Provided data Start Marker

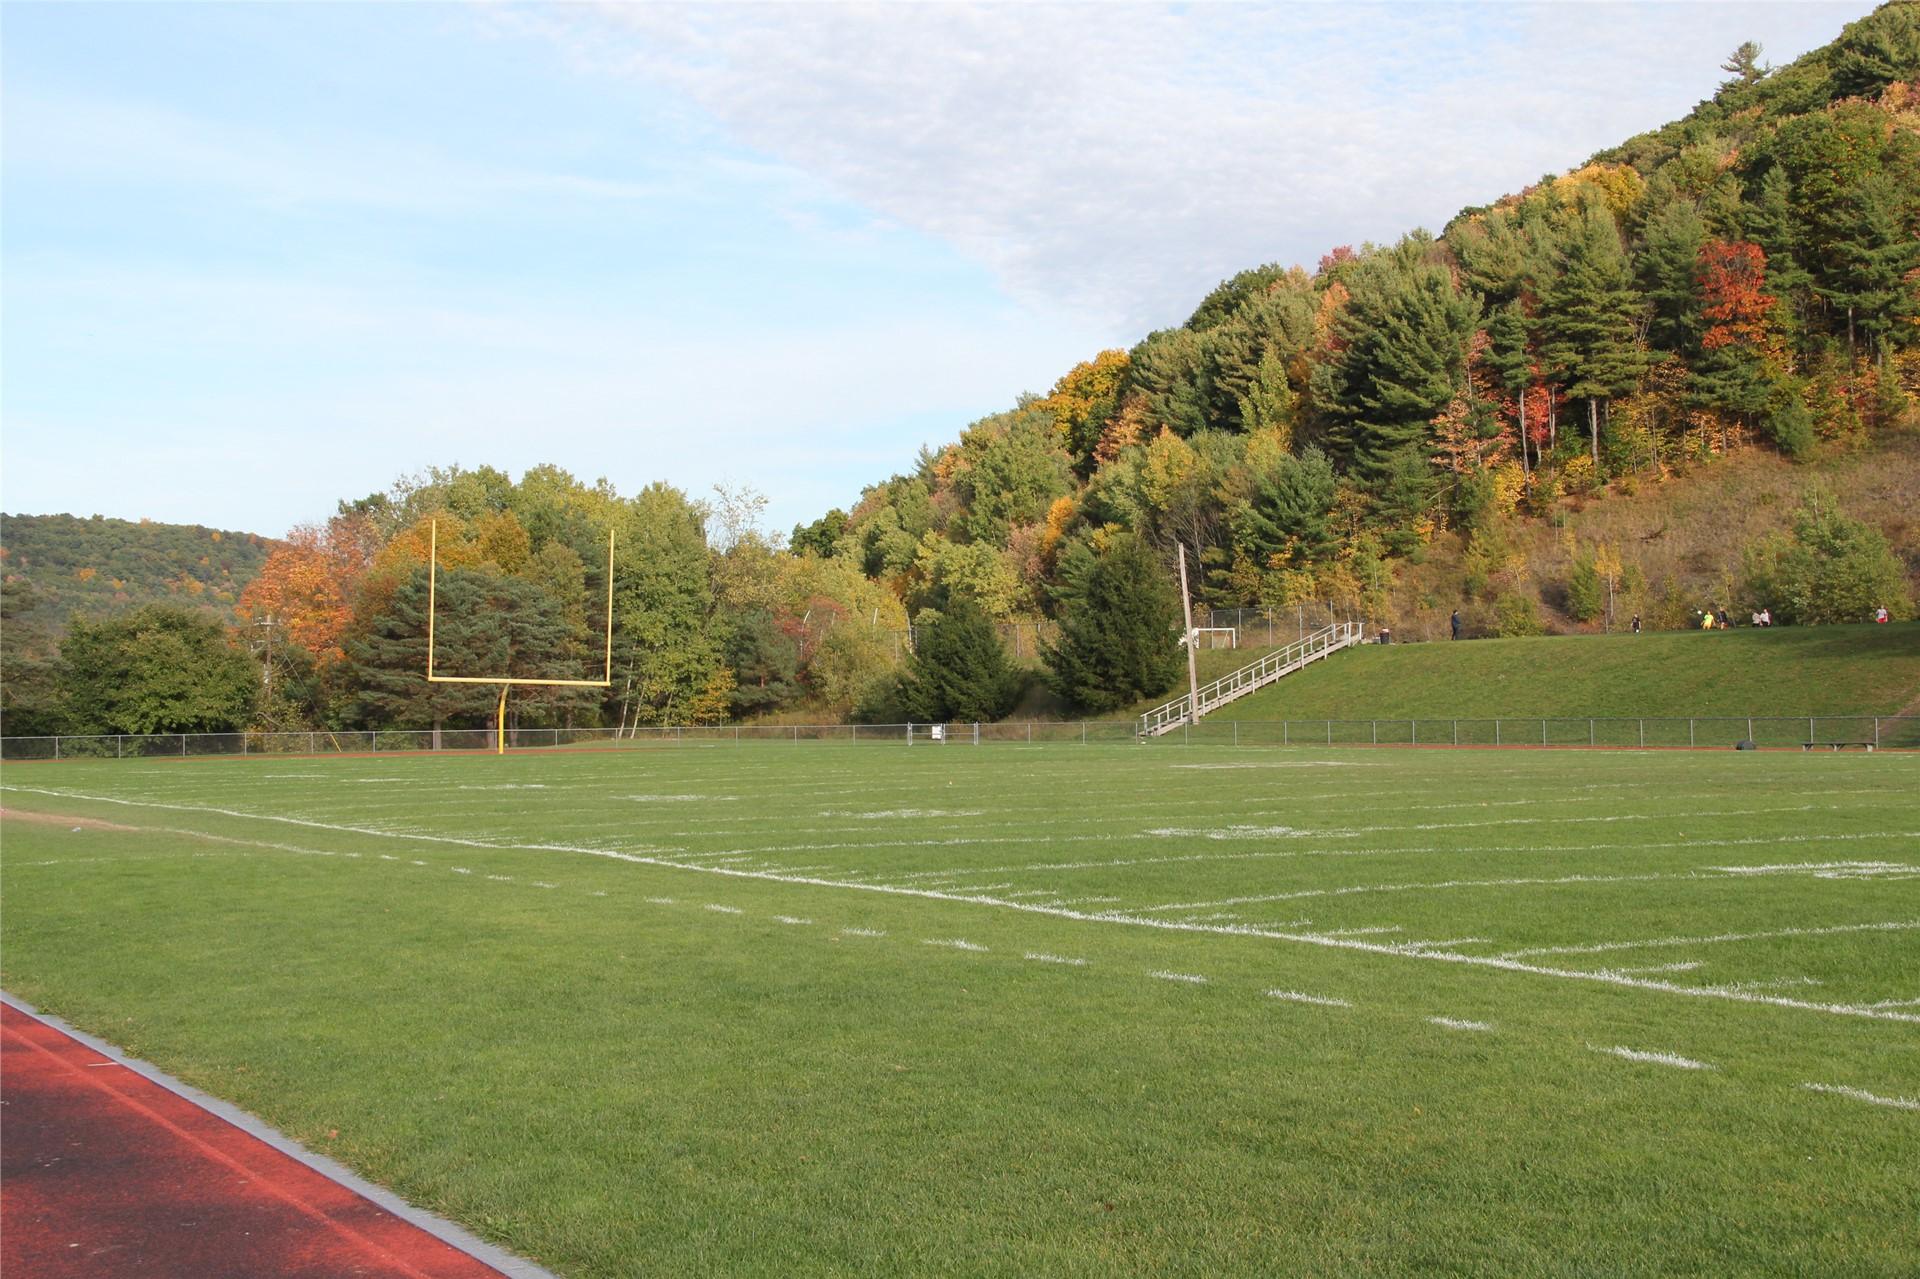 far shot of football field
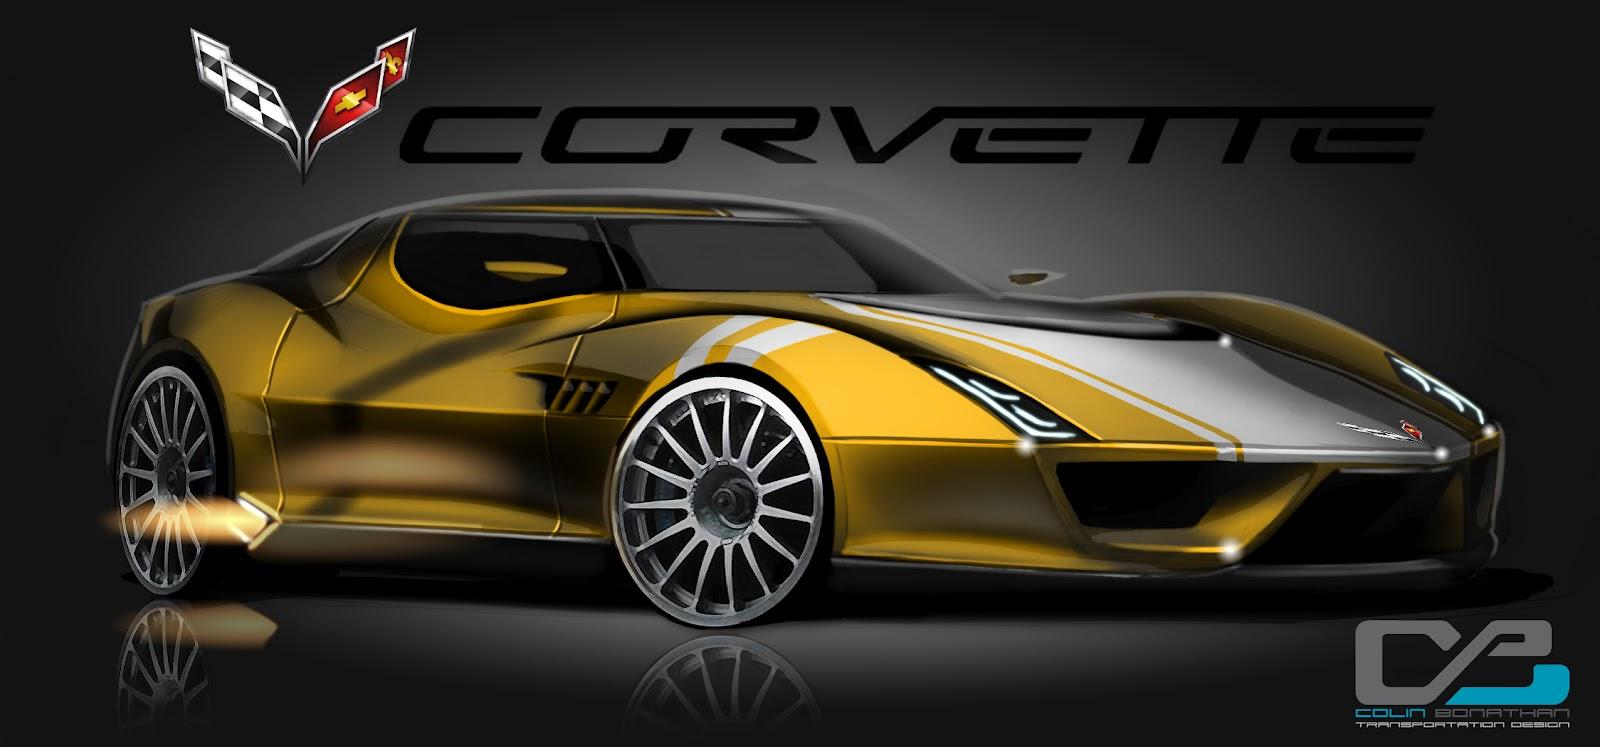 Corvets.html | Autos Post
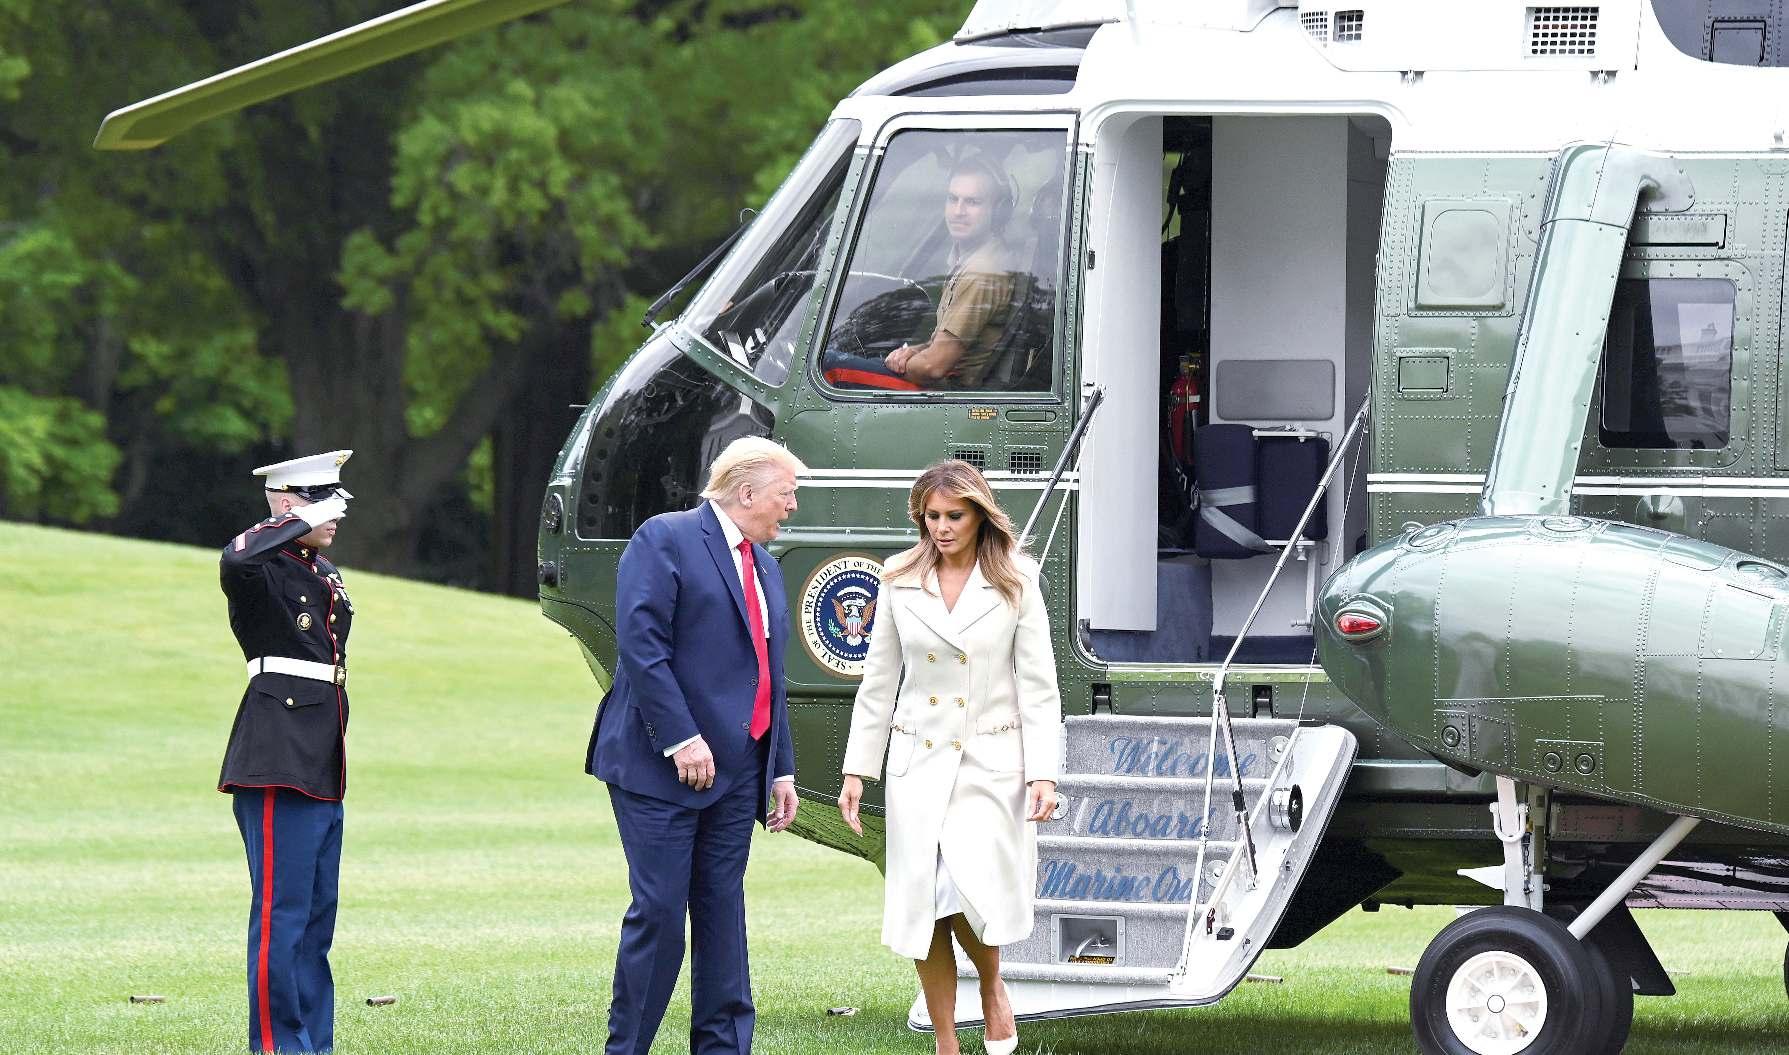 Together We Will Vanquish Virus, Trump Tells Americans

Provided data End Marker

Exercise goal ▸ Go through the listing above and quote it exactly, apart from its images.

Task answer ▸
 far shot of football field
 Corvets.html | Autos Post
 Together We Will Vanquish Virus, Trump Tells Americans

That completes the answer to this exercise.